4. As with some previous "Update" examples, an update operation with two write mutations and one remove mutation is specified. The update is applied to each selected record atomically - each record in its own atomic update.

Cell Indexes

To improve the performance of operations using streams obtained from DatasetReader.records(), cell indexes may be created for a Dataset. A cell index is defined against a CellDefinition instance. Entries are created in the index for all distinct Cell values for cells in the Dataset typed by the indexed CellDefinition. Each index entry associates that Cell value with the keys of all the Record instances containing that Cell value. When a stream pipeline refers to an indexed CellDefinition, particularly in a filter operation Predicate expressed using the TCStore DSL, iteration over the records in the dataset may be driven using the associated cell index.

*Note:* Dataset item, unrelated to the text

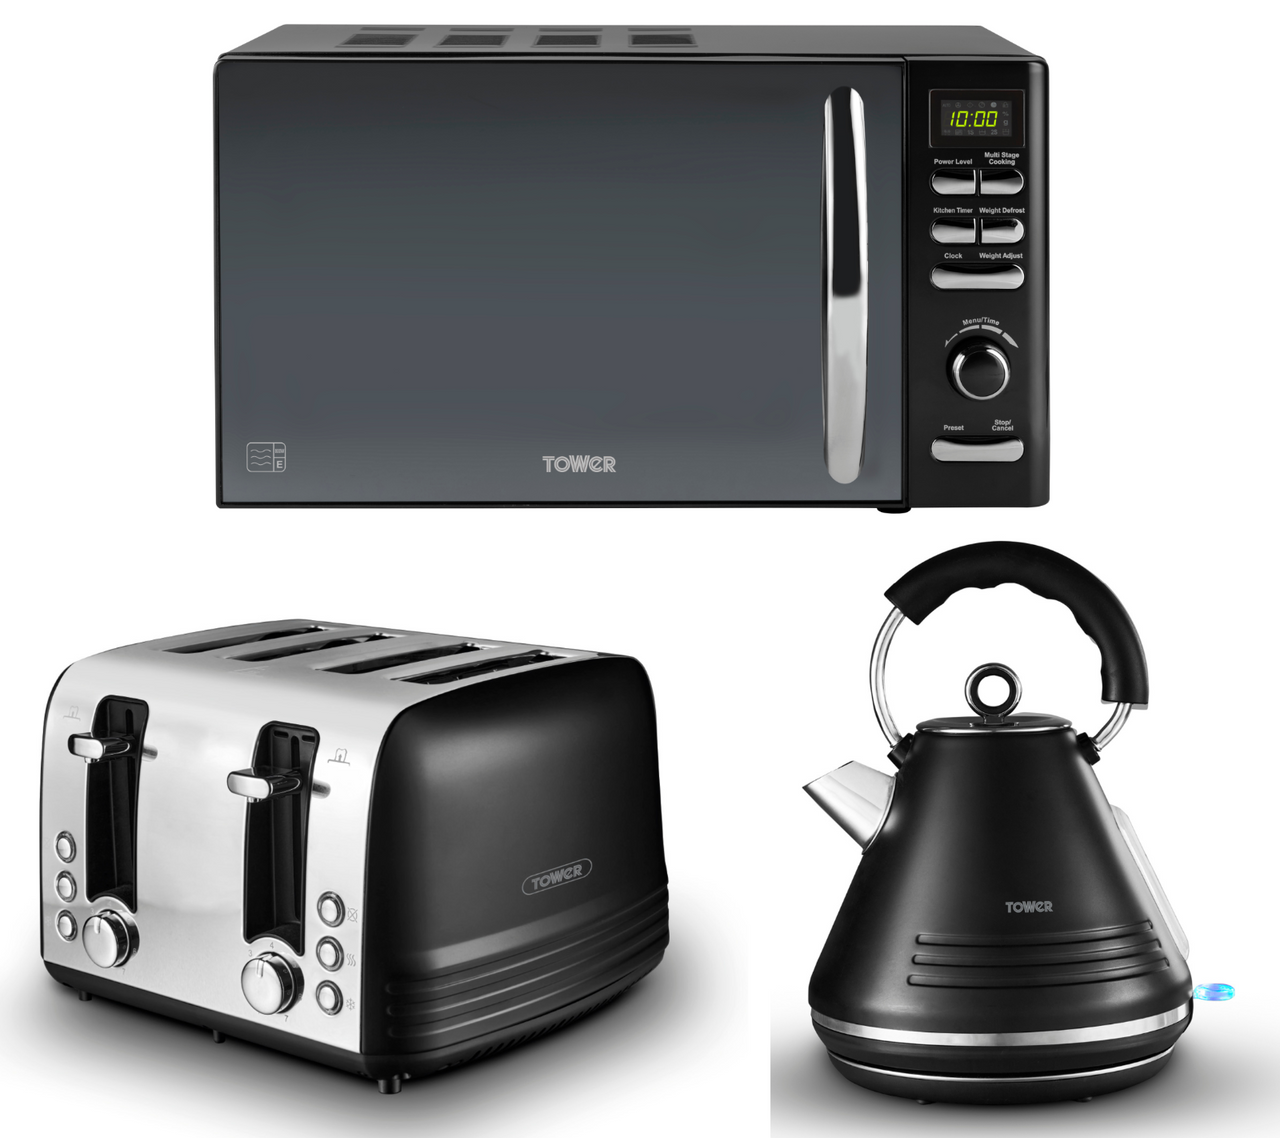 Tower Ash Black 1.7L 3KW Pyramid Kettle ,4 Slice Toaster & T24019 Infinity Microwave Matching Set
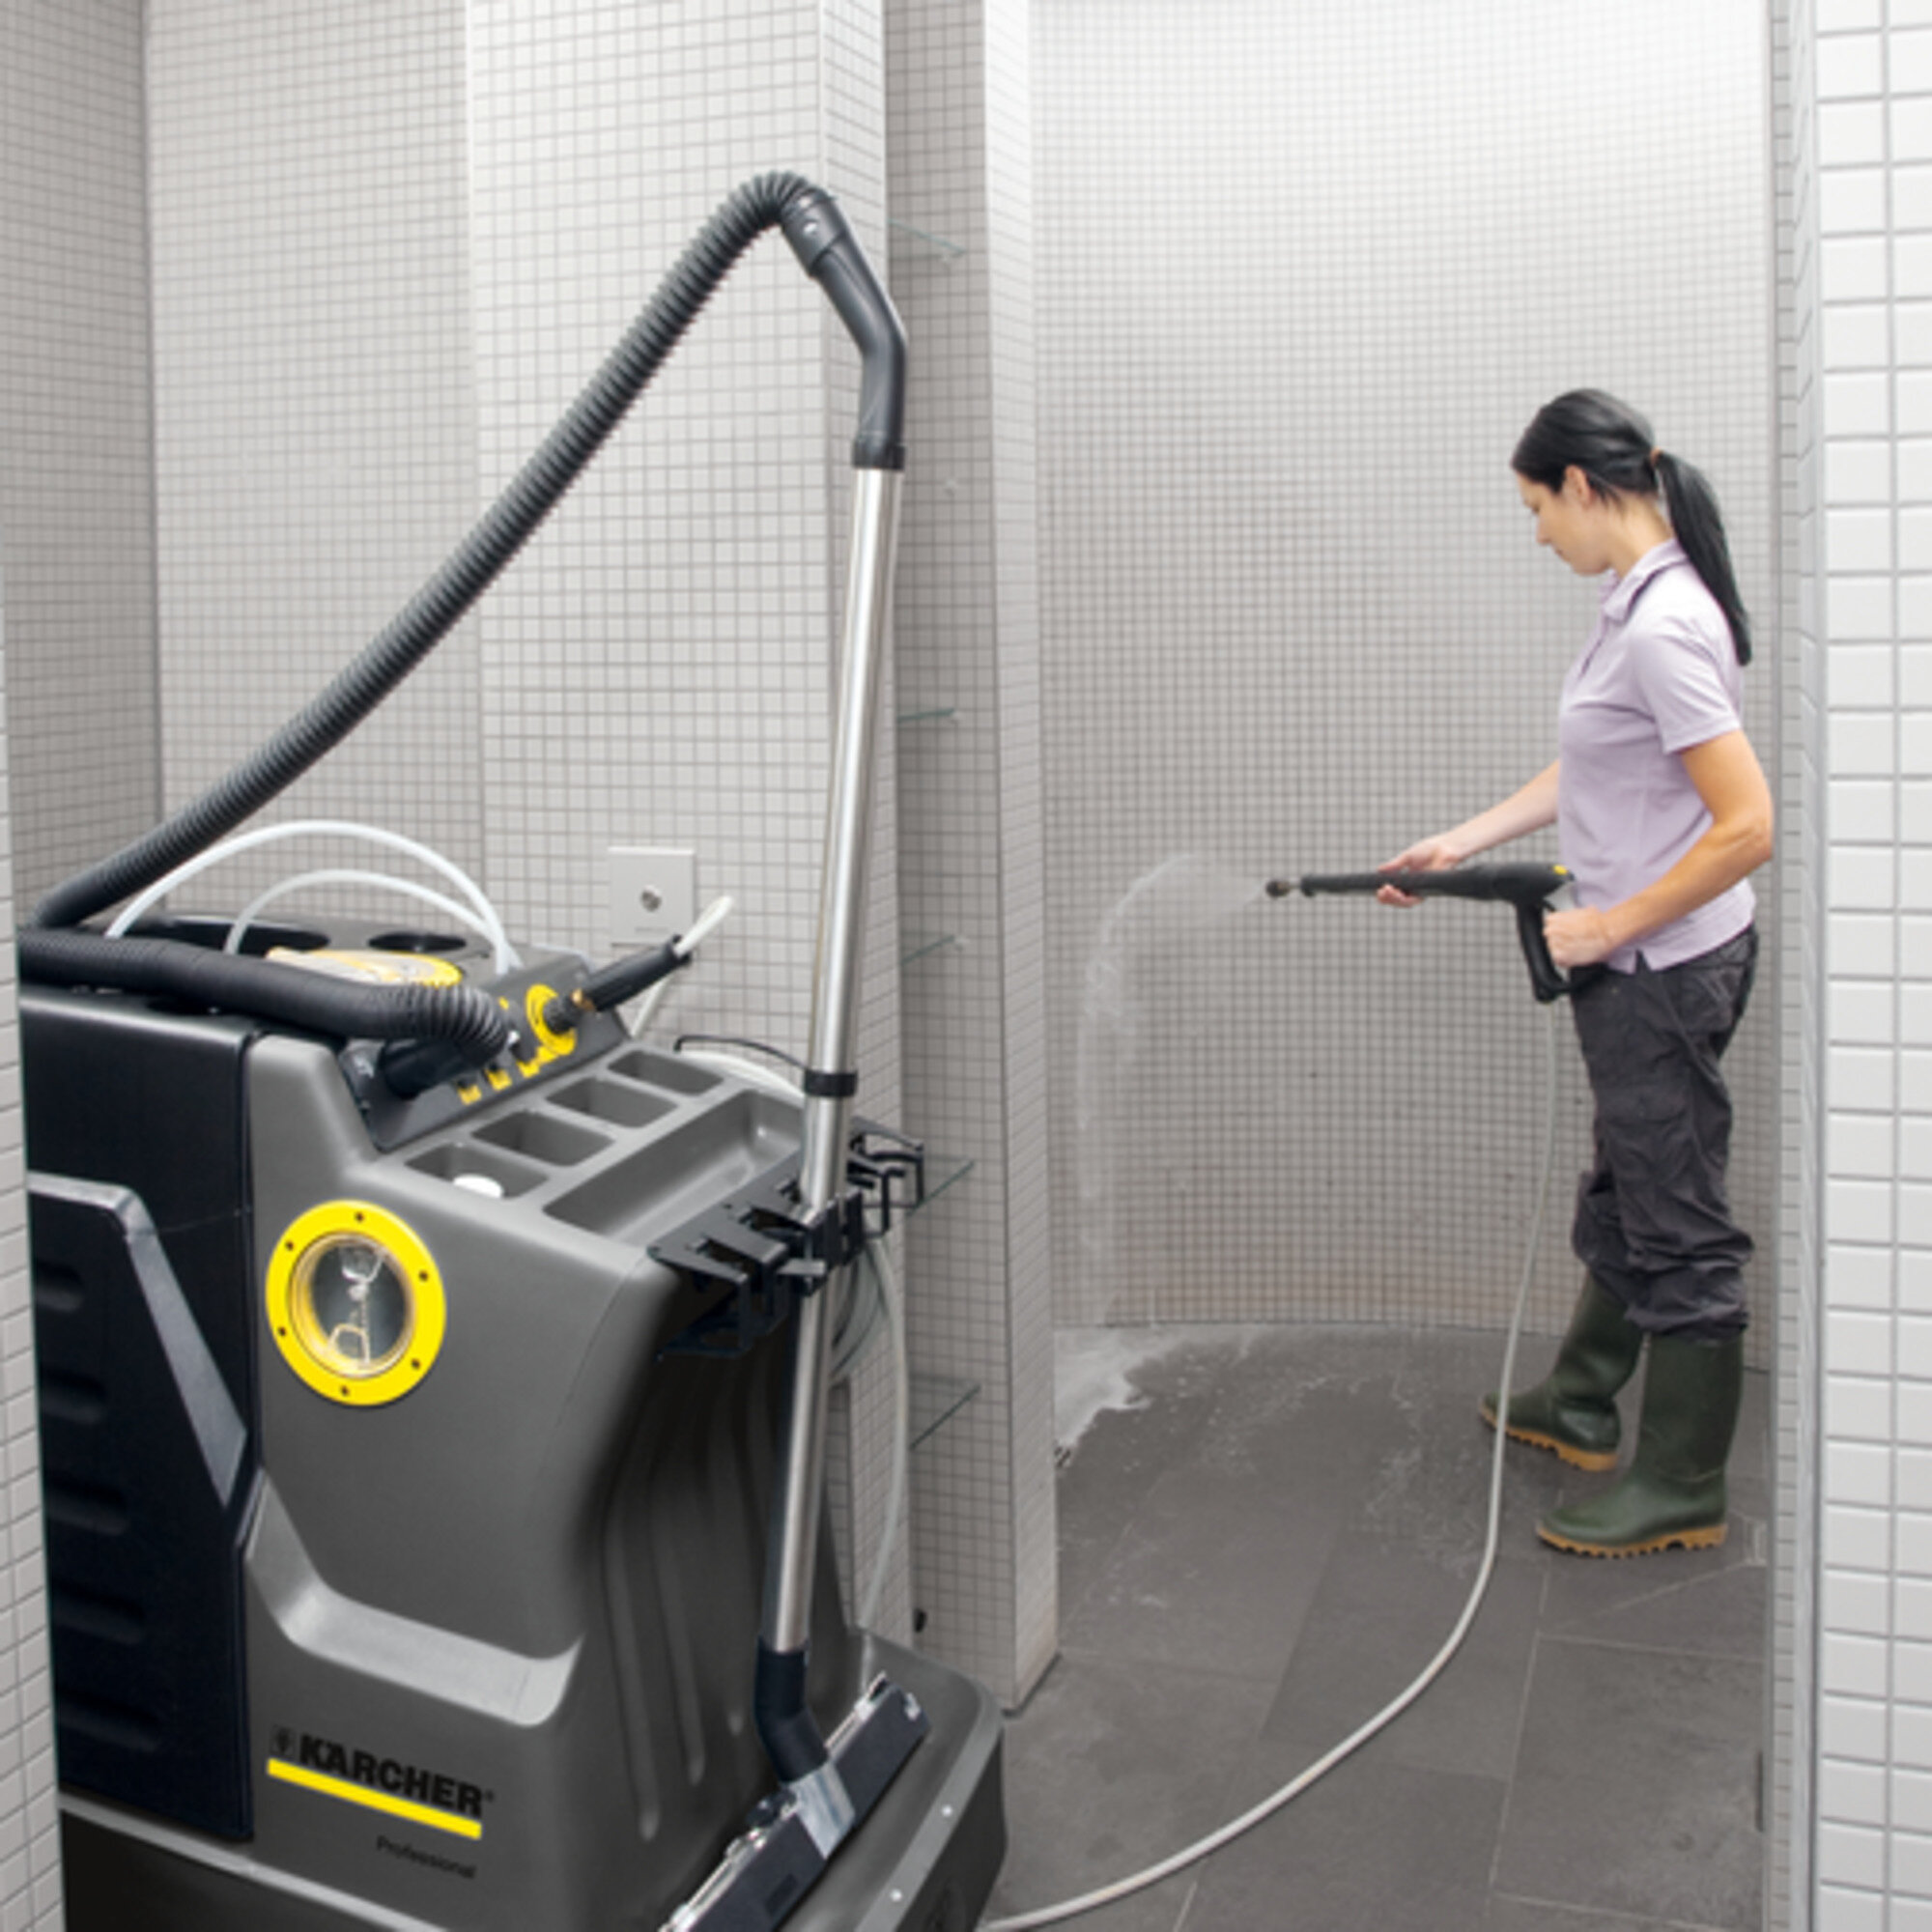 High pressure washer AP 100/50 M: Cleaning with high pressure

A cell index may only be defined on a CellDefinition if its data type is BOOL, CHAR, DOUBLE, INT, LONG, or STRING.

An index may NOT be defined for a CellDefinition of type BYTES.

There are two ways to define an index:

(1) through the DatasetConfigurationBuilder.withIndex method during dataset creation or

(2) through the Indexing instance obtained from the dataset.

Defining an Index During Dataset Creation

StringCellDefinition LAST_NAME = CellDefinition.defineString("lastName");
DoubleCellDefinition NICENESS = CellDefinition.defineDouble("niceness");
...
DatasetManager datasetManager =
DatasetManager.clustered(connectionURI).build();
DatasetConfiguration configuration =
datasetManager.datasetConfiguration() // <1>
.offheap("offheap")
.index(Person.LAST_NAME, IndexSettings.btree()) // <2>
.index(Person.NICENESS, IndexSettings.btree()) // <3>
.build();
Dataset<String> persons =
datasetManager.createDataset(
"people", Type.STRING, configuration) // <4>

1. Create a DatasetConfiguration ...

2. ... specifying indexes for the LAST_NAME ...

3. and NICENESS cell definitions.

4. Create a Dataset using the configuration with the indexes.

Adding an Index to a Dataset After Creation

Indexing indexing = counterSet.getIndexing(); // <1>
Operation<Index<Boolean>> indexOp =
indexing.createIndex(stoppedCell, IndexSettings.btree()); // <2>
try {
indexOp.get(); // <3>
} catch (InterruptedException | ExecutionException e) {
throw new AssertionError(e);
}

1. Get the Indexing instance for the Dataset. The Indexing instance for a Dataset may be used to add or delete a dataset’s indexes.

2. Define an index specifying a CellDefinition identifying the cells whose values make up the index keys.

3. Runtime index creation is asynchronous; call the get method to await completion of the indexing operation.